Just wondering , I use Amazon.ca and there is not a spot on there for the 
combo that you are giving as a deal. Is there a way for you to do this on Amazon.ca

*"Inkbird WiFi Food Thermometer IBBQ-4T & Non Contact Laser Temperature Gun Thermometers, Graph Timer Alarm Calibration 4 Color Probes,"*

When I ordered my first IBBQ-4T you put on amazon.ca with almost the same deal as the US site. So I am ok if you can do that . I just do not 
want to pay so much in shipping when I order from the US Amazon. I understand the difference in price because of the exchange rate in our moneys

Please let me know

Thank you
David     DRKsmoking


----------



## Inkbirdbbq (Aug 29, 2021)

DRKsmoking said:


> Hello Inkbirdbbq
> 
> Just wondering , I use Amazon.ca and there is not a spot on there for the
> combo that you are giving as a deal. Is there a way for you to do this on Amazon.ca
> ...


Hi friend, the product only for US
kelly


----------



## Inkbirdbbq (Aug 29, 2021)

DRKsmoking said:


> Steve I understand that where I am in Canada that most of the deals are for USA members. So I kind of understand different country different logistics.
> 
> BUT it  just should not be this much of a problem. They put up the deal  for you guys as they
> are a sponsor for this Forum. They should  be the ones trying to fix this and making sure their links work right
> ...


Hi friend, the product only for US
kelly


----------



## Inkbirdbbq (Aug 29, 2021)

Steve H said:


> I ordered from the link you provided at the top of the page for the  IBBQ-4T and Laser Temperature Gun.
> But got this instead instead..
> Nevermind. It's not worth the hassle.
> View attachment 508985


Hi friend, After we received your message, we immediately checked your purchase order. Your order shows that you purchased IBT-4XS and IHT-1P instead of the  IBBQ-4T and Laser Temperature Gun.  Maybe you bought the wrong one .
Kelly


----------



## Steve H (Aug 30, 2021)

Inkbirdbbq said:


> Hi friend, After we received your message, we immediately checked your purchase order. Your order shows that you purchased IBT-4XS and IHT-1P instead of the  IBBQ-4T and Laser Temperature Gun.  Maybe you bought the wrong one .
> Kelly



No, I used the link that was provided on this thread. It showed the right items on Amazon. And the initial order showed the right items. But I got the wrong items. Like I said. Nevermind. It isn't worth all this trouble.


----------



## DRKsmoking (Aug 30, 2021)

> Inkbirdbbq said:
> Hi friend, After we received your message, we immediately checked your purchase order. Your order shows that you purchased IBT-4XS and IHT-1P instead of the IBBQ-4T and Laser Temperature Gun. Maybe you bought the wrong one .
> Kelly


N o, I used the link that was provided on this thread.
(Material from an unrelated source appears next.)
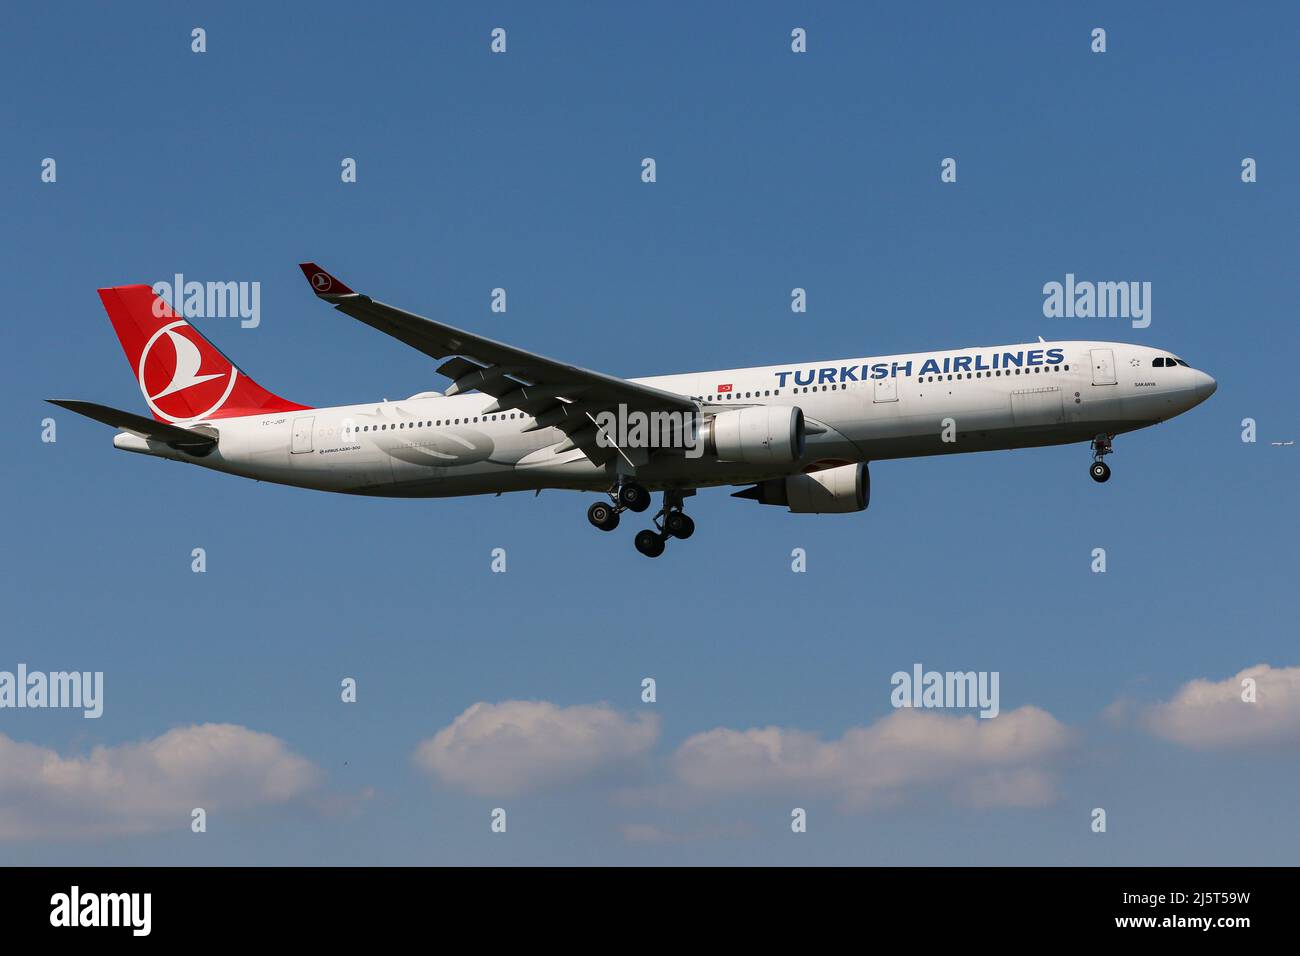 An Airbus A330 operated by Turkish Airlines arrives at London Heathrow Airport Stock Photo
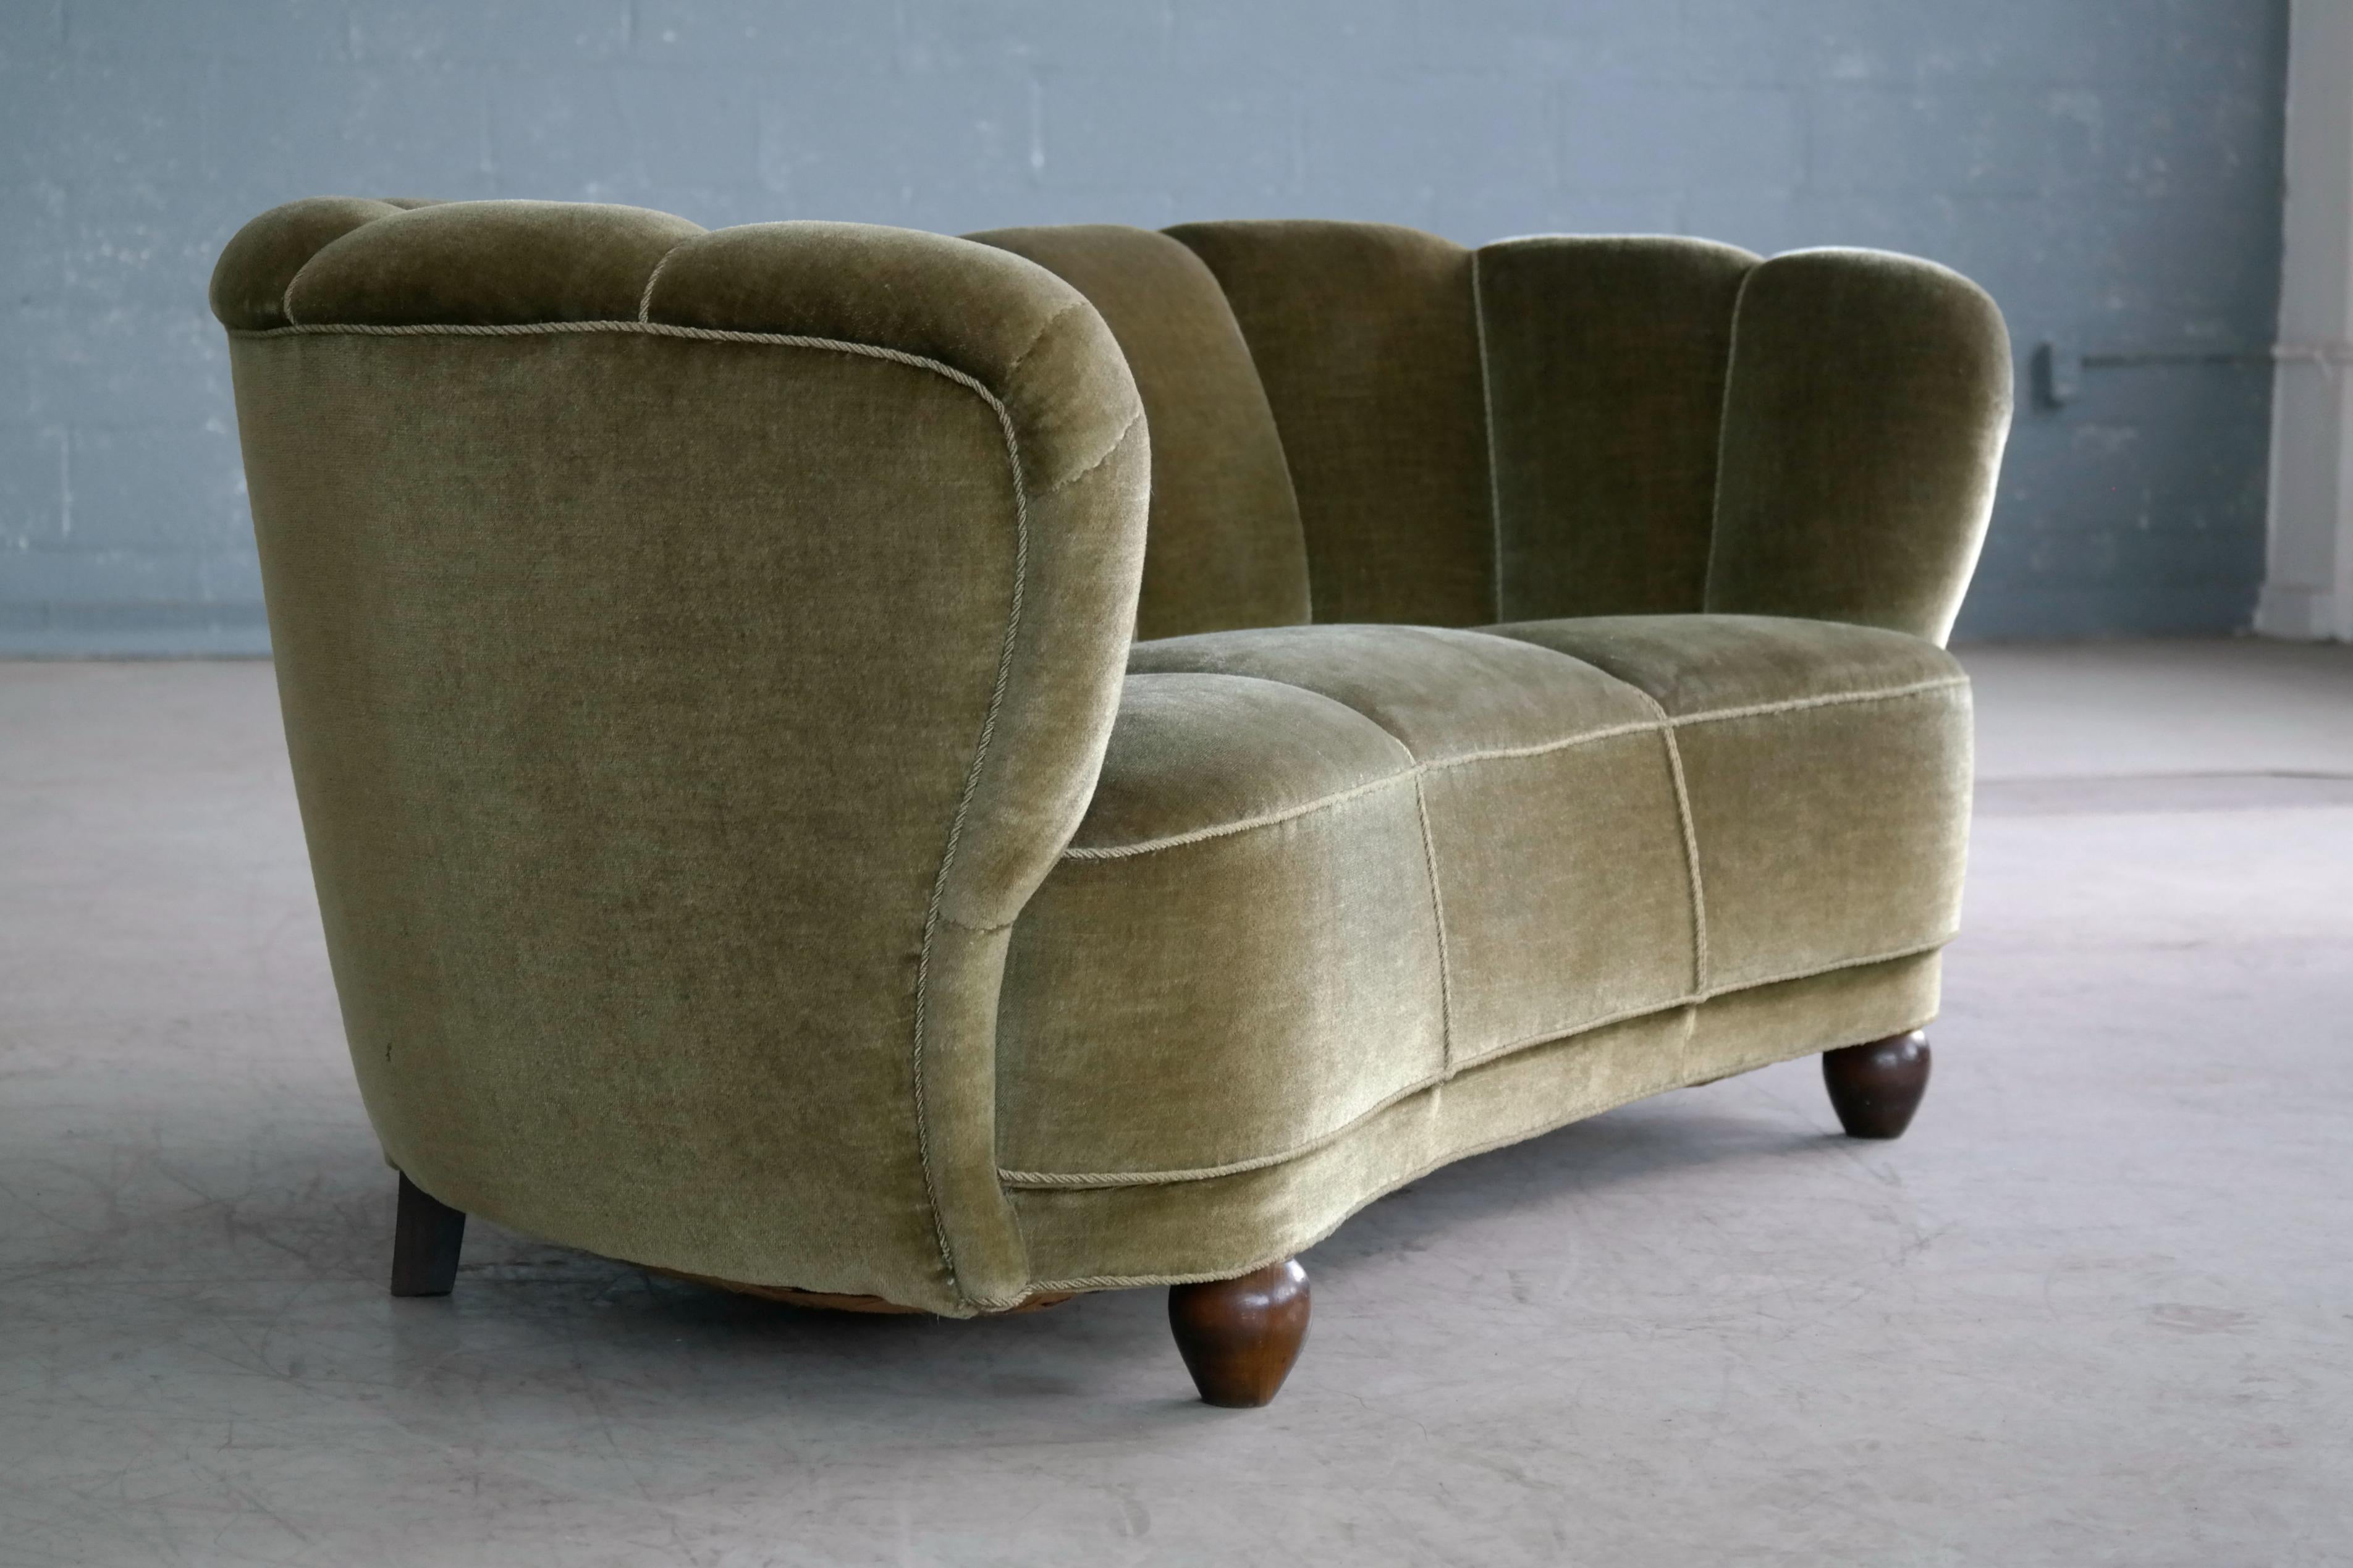 Mid-20th Century Danish Midcentury Curved or Banana Form Sofa in Beech and Mohair, 1940s

It showed the right items on Amazon. And the initial order showed the right items. But I got the wrong items.

Steve



The link on the first day you posted it was in the post one way as a line link , there was an issue with it for me also as it went right to amazon .ca but it showed a different product
Than once a couple people mentioned this on here , 3 days later the link was changed by you inkbird as a picture link on your new post. When I clicked on it now /than it took me right to US amazon, and I could order it but there was a large shipping cost . So I went no further. So I think the problem is at your end for linking the wrong product to the wrong link you posted. Not us ordering the wrong item.

Just my thoughts

David


----------



## Steve H (Aug 30, 2021)

DRKsmoking said:


> N o, I used the link that was provided on this thread. It showed the right items on Amazon. And the initial order showed the right items. But I got the wrong items.
> 
> Steve
> 
> ...



That's what I've been trying to tell them too. Oh well.


----------



## DRKsmoking (Aug 30, 2021)

Steve H said:


> That's what I've been trying to tell them too. Oh well.



I know Steve thats why I posted this , I am not paying that much for shipping, and I understand, I'm in a different country. I just wanted them to
realize that they messed up . Not you, because I followed the same links as you . And they were all wrong until they came back and changed the first link

just wanted to keep this fresh so they see it, fingers crossed they understand people make mistakes ...even them


David


----------



## Steve H (Aug 30, 2021)

DRKsmoking said:


> I know Steve thats why I posted this , I am not paying that much for shipping, and I understand, I'm in a different country. I just wanted them to
> realize that they messed up . Not you, because I followed the same links as you . And they were all wrong until they came back and changed the first link
> 
> just wanted to keep this fresh so they see it, fingers crossed they understand people make mistakes ...even them
> ...



Appreciate it. Ordered it again using the link provided. Hopefully it'll come this time.  I guess I'll gift the wrong items. I already have those. Still loyal to InkBird. Just discouraged.


----------



## DRKsmoking (Aug 30, 2021)

Steve H said:


> Appreciate it. Ordered it again using the link provided. Hopefully it'll come this time.  I guess I'll gift the wrong items. I already have those. Still loyal to InkBird. Just discouraged.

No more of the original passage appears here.